5. The process of claim 2 wherein the liquid agglomerating agent is selected from the group consisting of said aqueous solutions of electrolytes and water.

6. The process of claim 4 wherein all the clay is dispersed in the agglomerating agent so as to provide a sprayable dispersion and the dispersion is sprayed onto a moving bed of the carrier to form free-flowing agglomerates.

7. The process of claim 4 wherein the clay and the carrier are dry mixed and a moving bed of the mixture is sprayed with an agglomerating agent to form free-flowing agglomerates.

8. The process of claim 6 wherein the dispersion of clay in the agglomerating agent contains from 20 to 50% of clay by weight of the dispersion.

9. The process of claim 8 wherein the agglomerating agent is selected from the group consisting of aqueous electrolyte solutions that are less than 75% saturated and fatty acids having 10-24 carbon atoms.
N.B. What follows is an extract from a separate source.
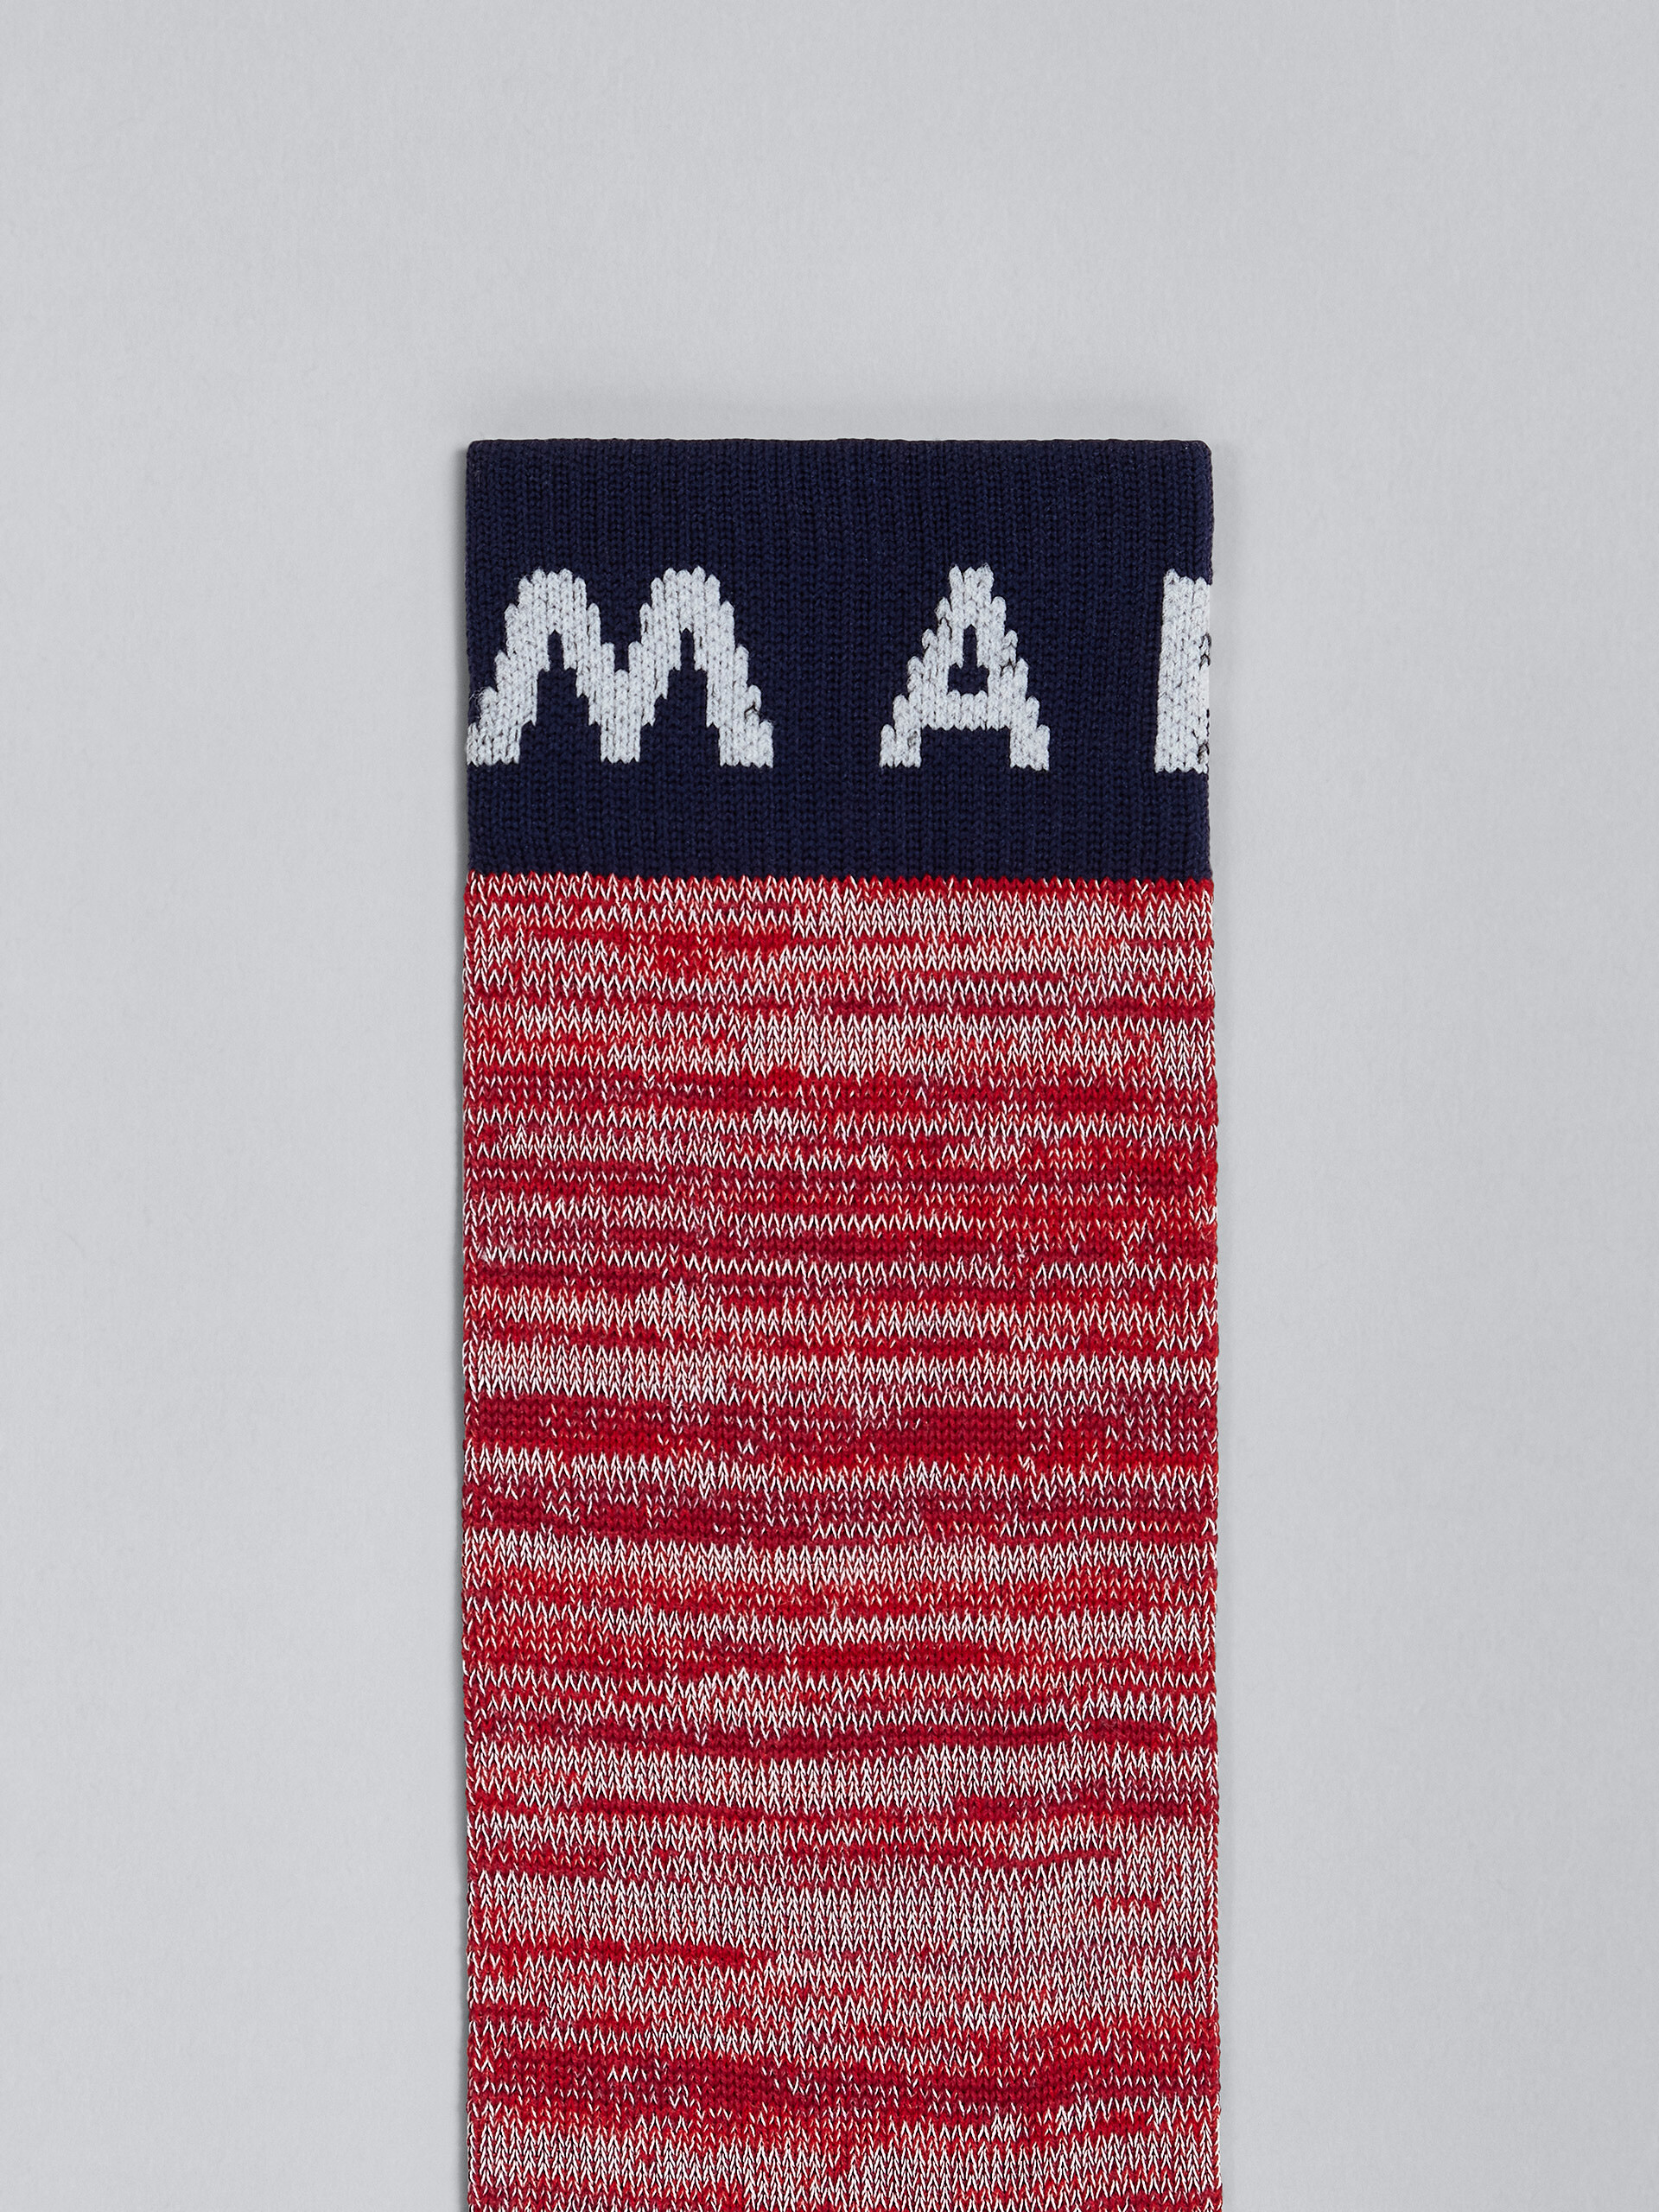 Red mouliné cotton and nylon socks - Socks - Image 3

10. The process of claim 9 wherein the agglomerating agent is an aqueous solution containing from 3 to 10% by weight of an electrolyte selected from the group consisting of disodium pyrophosphate and a 2:1 by weight mixture of disodium pyrophosphate and sodium chloride.

11. The process of claim 10 wherein the carrier is sodium tripolyphosphate and it is sprayed with about 50% by weight of a dispersion containing 33% by weight of clay in an aqueous solution containing 5% disodium pyrophosphate and 21/2% sodium chloride.